If someone recklessly crashes whilst relying on Tesla’s autopilot, should the police be charging the driver or thanking them?
In a morbid, futuristic and kind of macabre way, they should really be thanking them. The result of the crash means that it is less likely to ever happen again to anyone else driving on the same stretch of road. This is because the car itself relies on machine learning, which is constantly collecting data from the driver and reports back every time the driver interferes or corrects a motion during the autopilot.
The year past seen a couple of deaths whilst cars have been under the control of the autopilot and whilst it’s a horrible outcome, it’s also helped to prevent the same thing happening to someone else using the Tesla on the crash site.
Machine learning and automation are the driving factors behind this and they seem destined to be a major part of our future. It’s thought that an autonomous car, like the vehicles Tesla are developing, can essentially replace Taxi drivers and other means of transport. A level 5 autonomous driving level aims to completely replace human involvement when driving a vehicle, with a complete AI system that envisions itself to be of the same competence as a human driver.
There’s a broader lesson to be learned from this, which is about; why taking people out of the loop and relying on machines is a good thing. Machine learning helps detect anomalies and system intruders far faster than it takes humans to do so by analysing the plethora of data logged on a system. Spotting the minimalist changes in a systems behaviour helps to detect and then proceed to deal with the entity.
Whilst machine learning is still very new, the future looks extremely bright for its use, not least the benefits it can bring to enhancing cyber-security. Last year, the Chief Security Researcher at the cybersecurity tech firm, Bitdefender, Alexandru Balan, told TechCrunch: “Machine learning and behavioural analysis is one of the biggest trends in detecting anything and everything these days.”
It works very much like the Tesla automation, in that the system tracks the movements of a human defending against cyber-attacks. It will learn which behaviours look suspicious and how to deal with them, which will in turn lead to more feedback being available to the human as they will have both their own analysis along with the systems. So instead of having one or two humans analysing the system for threats, you now have the machine backing you up providing more commentary and feedback to help deal with these.

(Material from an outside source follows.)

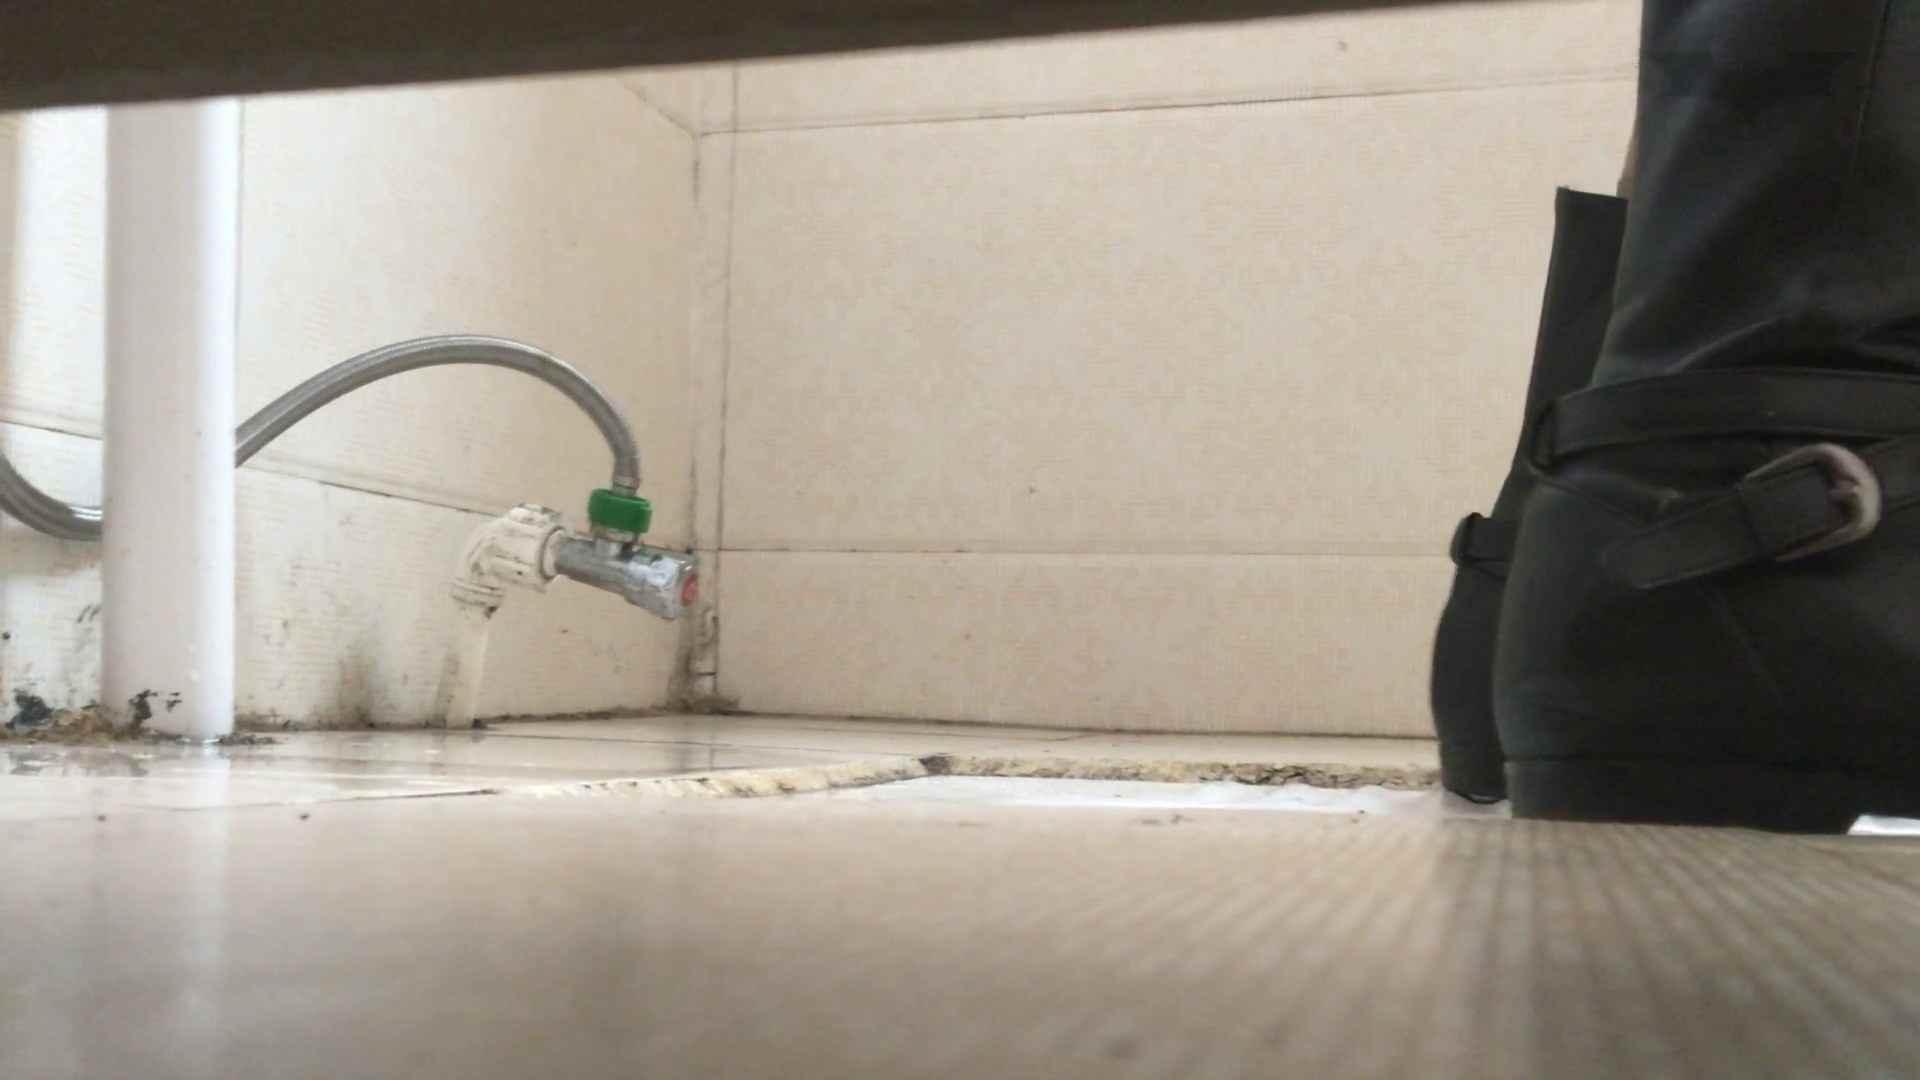 芸術大学ガチ潜入盗撮 JD盗撮 美女の洗面所の秘密 Vol.107 トイレ  28pic 24

Machine learning will help to identify malware intruders on the system which would normally evade human defences and take appropriate actions, be it stopping the malware in its tracks or alerting relevant programs.
It must be stressed, however, that before you throw caution to the wind, whilst having a foundation geared towards the impact of machine learning is most beneficial, a human infrastructure is still required to help triage these threats and maintain the status quo. This should lend itself to becoming a hybrid system, so that even though relying on machines is a good thing, maintaining a human stronghold that can oversee and react accordingly to threats is in place is just as important.